А в то первое мое велосипедное лето, как сказано, до меня никому не было дела. Как он не понимает , говорила мать бабушке, что эта стерва хочет его окрутить. Я подслушивал и подглядывал эту сцену сквозь трепещущий тюль, стоя под открытым окошком. Подслушивал не нарочно, я случайно оказался там, намереваясь попросить у бабушки баранку с маком и бежать дальше по своим восьмилетним делам. Что меня поразило, так это то, что мать стояла в солнечном луче, падавшем из окна, совершенно голая.

– Ну и бог с ним, Светочка, – отвечала бабушка. – У тебя отличная фигура, живот уже совсем подтянулся. И ноги…

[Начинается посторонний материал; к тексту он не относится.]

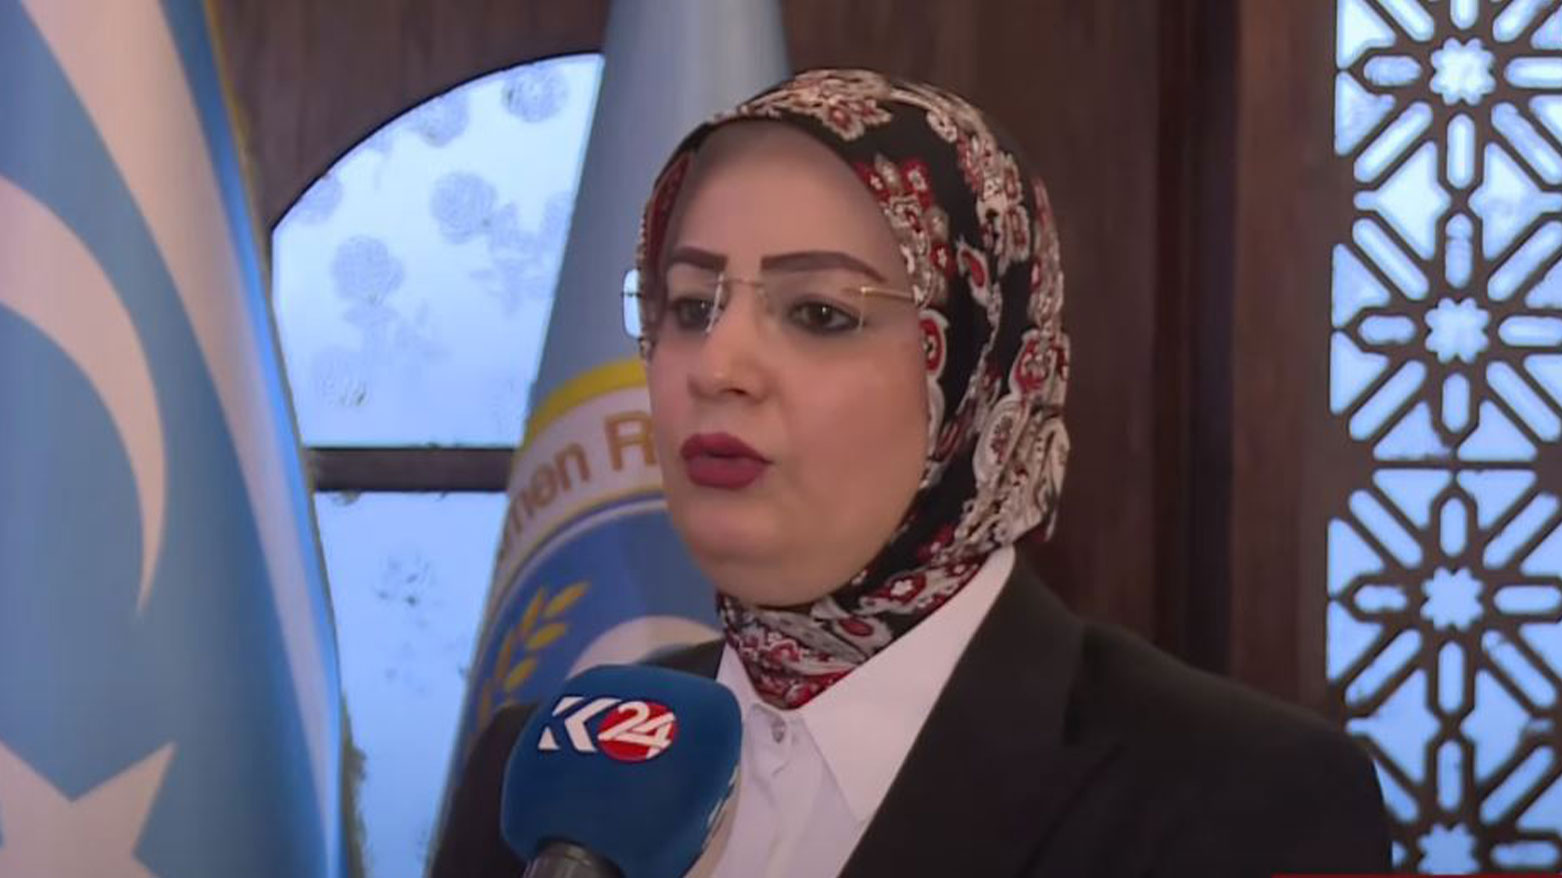 Türkmen Reform Partisi Başkan Yardımcısı Muna Kahveci

– Правда ведь, – сказала мать, глядя на себя в мутное зеркало на дверце платяного шкафа и не слушая.

Я был согласен с бабушкой: некрасивая тетя Лиля не шла ни в какое сравнение с моей матерью – та была суха и плоска, а у моей матушки была пышная, еще полная молока грудь.

– Мы проживем, – говорила бабушка уже сама себе. – Конечно, двое детей, но ведь и я одна тебя вырастила.

– Ах, мама, – вдруг воскликнула мать и заплакала, – как ты не понимаешь, тогда было совсем другое время… – И продолжила: – Он уверяет, будто она только аспирантка, и у них ничего нет, а я просто ревнивая дура…

К слову, моя мать-умница ревнивицей, действительно, была основательной. И в своих порывах подчас бывала неуемна.

– …Ох, так просто, я чувствую, одной кандидатской дело не обойдется.

– Что ж, я всегда говорила, что Юра большой эгоист, – вставила бабушка рассудительно.

– Дождь собирается, – сказала мать, всхлипывая и направляясь к окну.

И неожиданно: – Как ты не понимаешь, мама, мне его жалко, он совсем не чувствует…

Я едва успел нырнуть вниз, как створки окна с шумом затворились над моей головой. Думаю, мать тогда была права. Кандидатской диссертацией, которую отец написал за эту самую Лилю, действительно оказавшуюся дрянью, история бы не ограничилась. Позже это и вовсе стало ясно. То есть стало ясно именно в то второе велосипедное лето, когда я на своем Орленке полетел с моста в реку: едва защитившись,

Лиля написала на моего отца донос в профком, именно в профком, потому что в партии, на его счастье, отец не состоял, – как раз тогда я нашел замену своему железному пони. Донос, по-видимому, сводился к тому, что отец воспользовался служебным положением и состоянием подчиненности бедной девушки и теперь должен на этой самой Лиле жениться… Но здесь придется чуть подробнее рассказать о нашей сходненской даче.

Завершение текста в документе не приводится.